First, a chemist might try and analyze the different compounds in seawater and determine, structurally, which are likely to be consumed by marine bacteria.  The second bit is relatively easy, but isolating any compound from the salty, organically complex milieu that is seawater is not.  Only through the application of expensive and time consuming methods can a targeted compound by isolated, and it is necessary to know in advance what the target compound is.

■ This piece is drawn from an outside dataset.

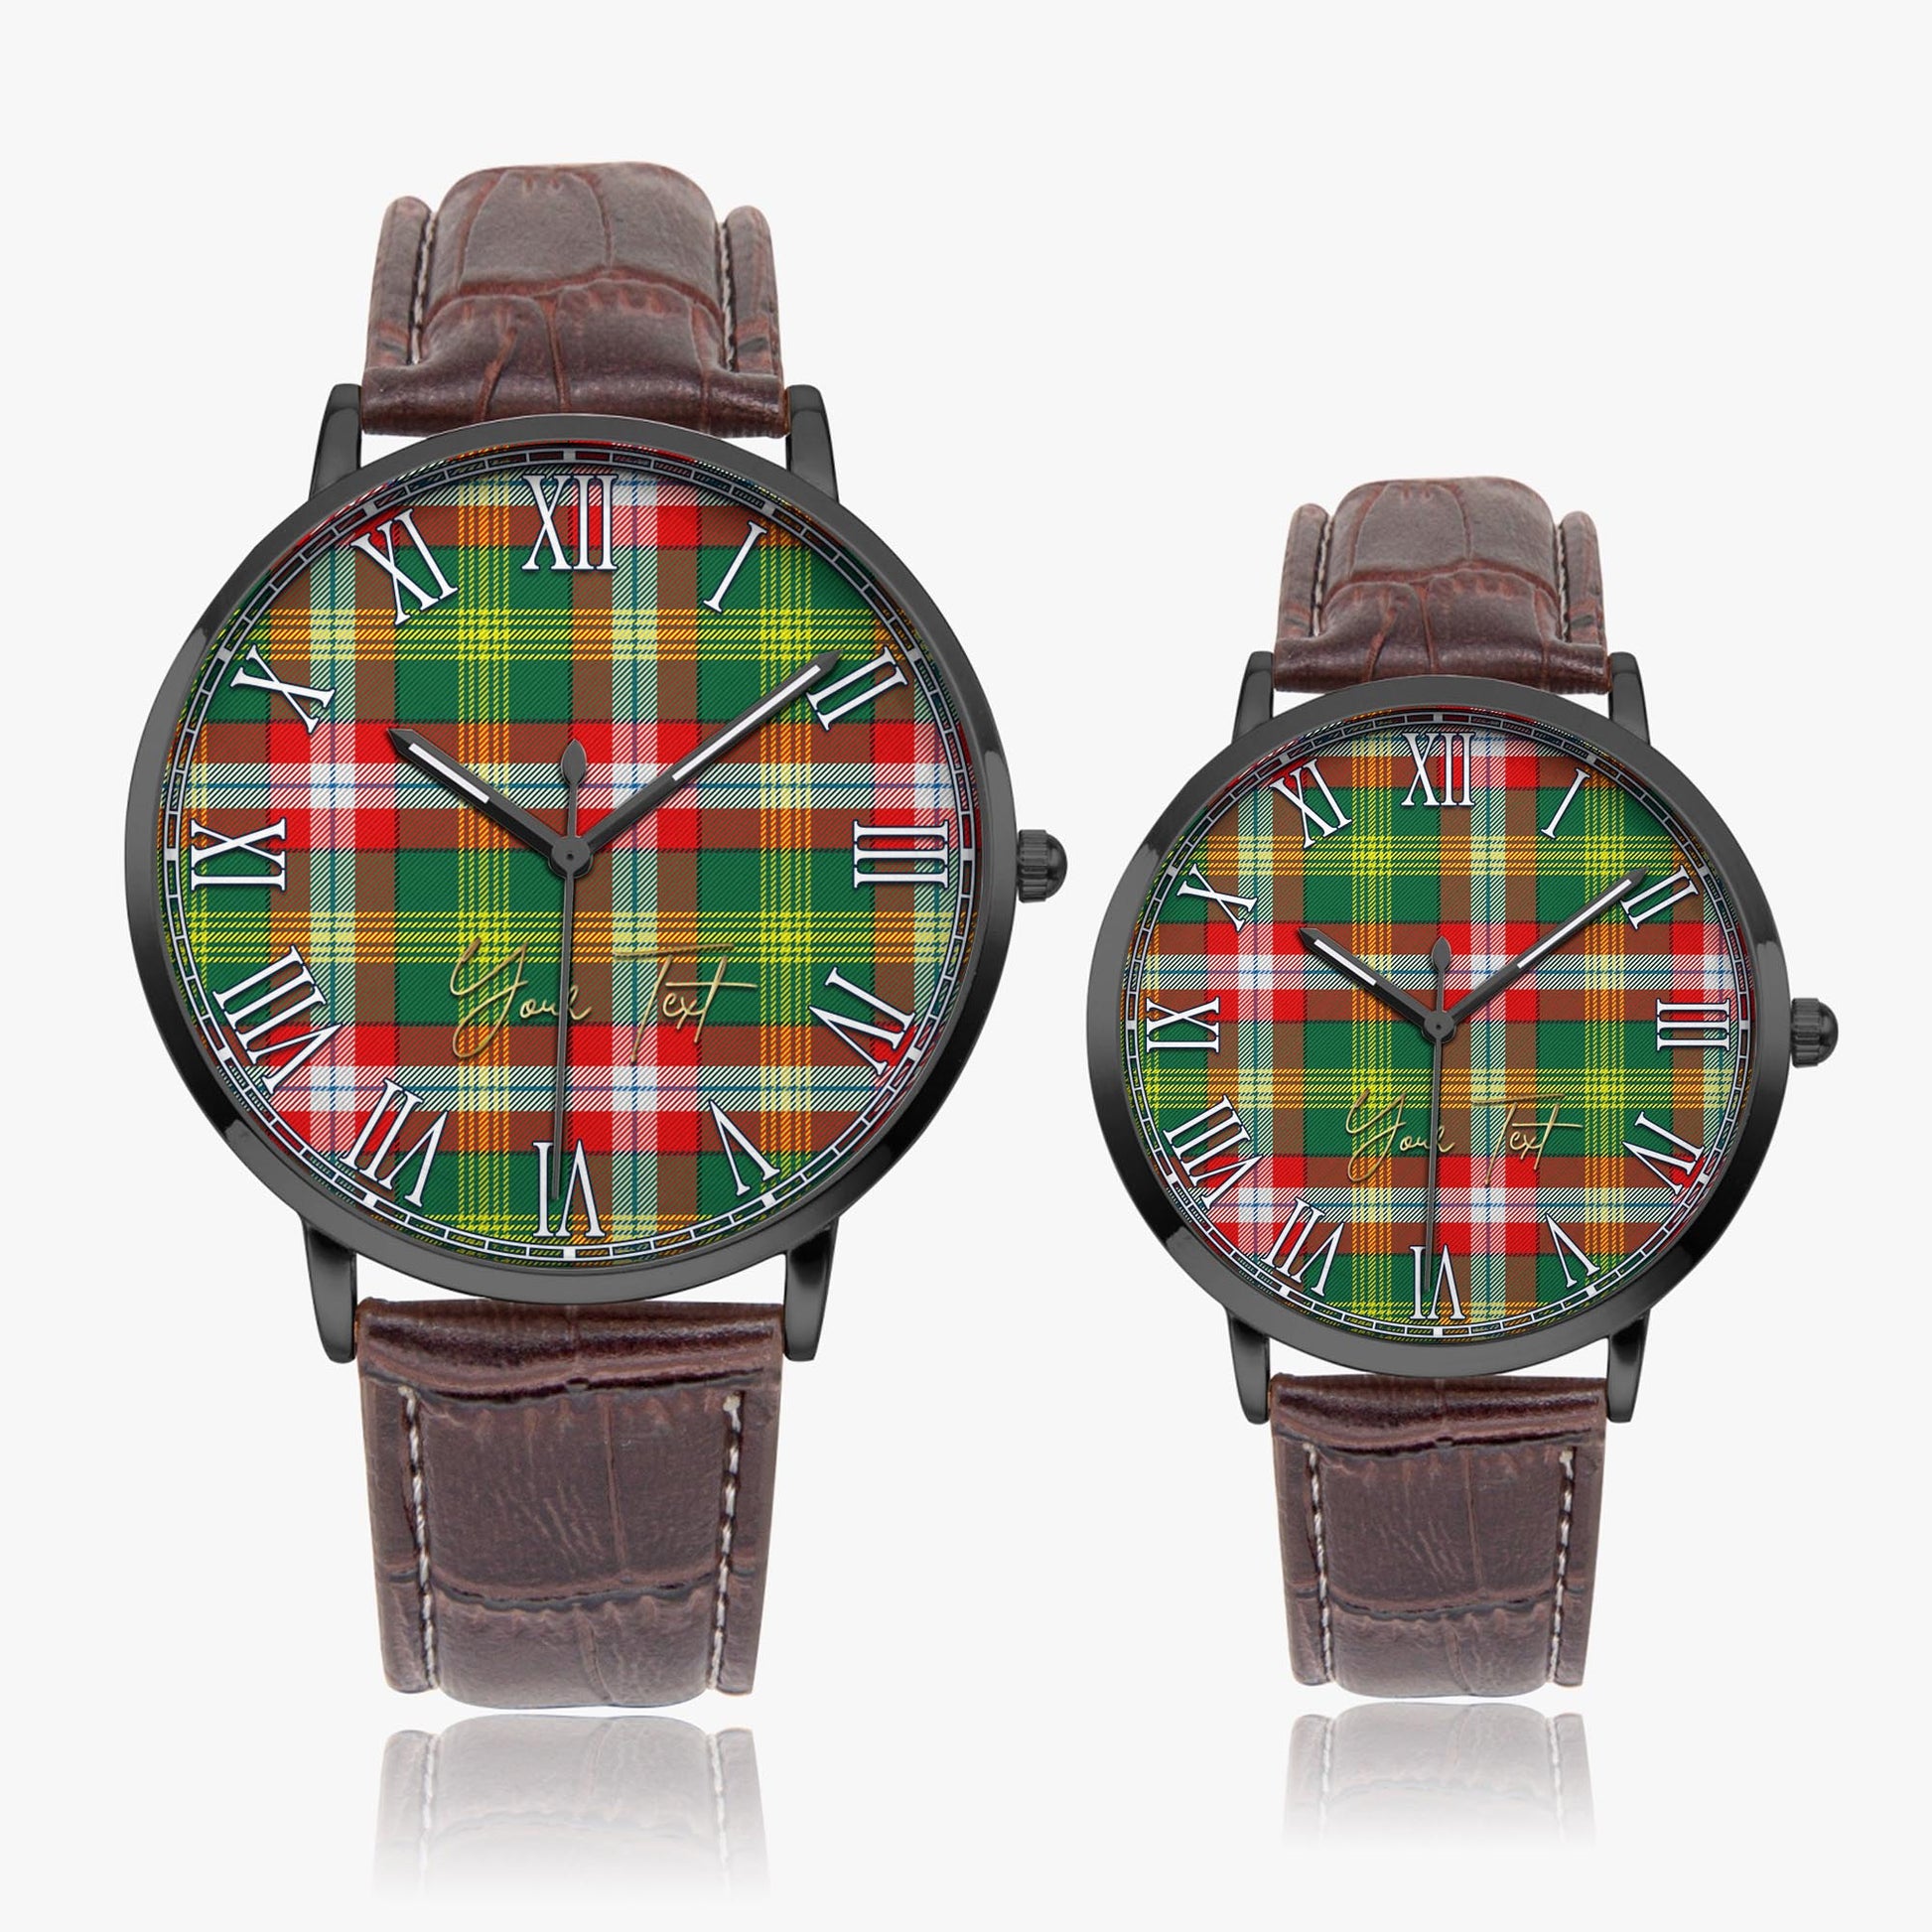 Northwest Territories Canada Tartan Personalized Your Text Leather Trap Quartz Watch Ultra Thin Black Case With Brown Leather Strap - Tartanvibesclothing

Second, a biologist might try to analyze the genetic composition or gene expression pattern of marine bacteria to determine what enzymes the bacteria are using, or have the capacity to use.  An abundance of transporters specific to a certain compound, or class of compounds, for example, suggests that this compound is, for that bacteria, an important substrate.  Unfortunately determining which enzymes are specific to what compounds is almost as difficult as the bulk analysis of carbon compounds in seawater.  Most of what we know about microbial enzyme specificity comes from studies using E. coli, which may or may not have much to do with what bacteria are doing in the marine environment.  To be absolutely certain about the role of any enzyme it is necessary to perform costly and tedious experiments with a laboratory isolate, a requirement that eliminates the vast, unculturable majority of marine bacteria from any potential analysis.

Durham et al. waded into this particular quagmire with both approaches.  Working with a model system composed of one diatom, Thalassiosira pseudonana, and one bacterium, Roseobacter pomeroyi, they compared the gene expression profiles of bacteria grown in the presence of the diatom with profiles from pure cultures.  Surprisingly, genes strongly upregulated in the presence of the diatom included transporters for the reduced organo-sulfur compound C3-sulfonate 2,3-dihyhdroxypropane-1-sulfonate (DHPS), and genes coding for hydrogenase enzymes involved in DHPS catabolism, including the gene hpsN.  Taking this hint the researchers were able to grow R. pomeroyi on DHPS as the sole carbon source, observing gene expression profile similar to when R. pomeroyi was grown in the presence of the diatom.  Because DHPS was not a component of the media used in the initial experiment it must have been produced by the diatom, and clearly it is an acceptable growth substrate for R. pomeroyi.  But how important is it in the natural environment?

With a target compound and a target gene in hand, Durham et al. were able to quantify DHPS in seawater during a cruise in the North Pacific, while simultaneously collecting metatranscriptomes and metagenomes.  They observed an abundance of hpsN transcripts coincident with diatom cell counts and high DHPS concentrations.  At coastal stations the concentration of DHPS actually exceeded that of DMSP.  This is a great paper, but is just a first look at a story that is sure to have geographic and taxonomic complexity.  I’m sure we’ll be hearing a lot more about DHPS (and other, yet to be revealed components of the DOC pool) in the coming years.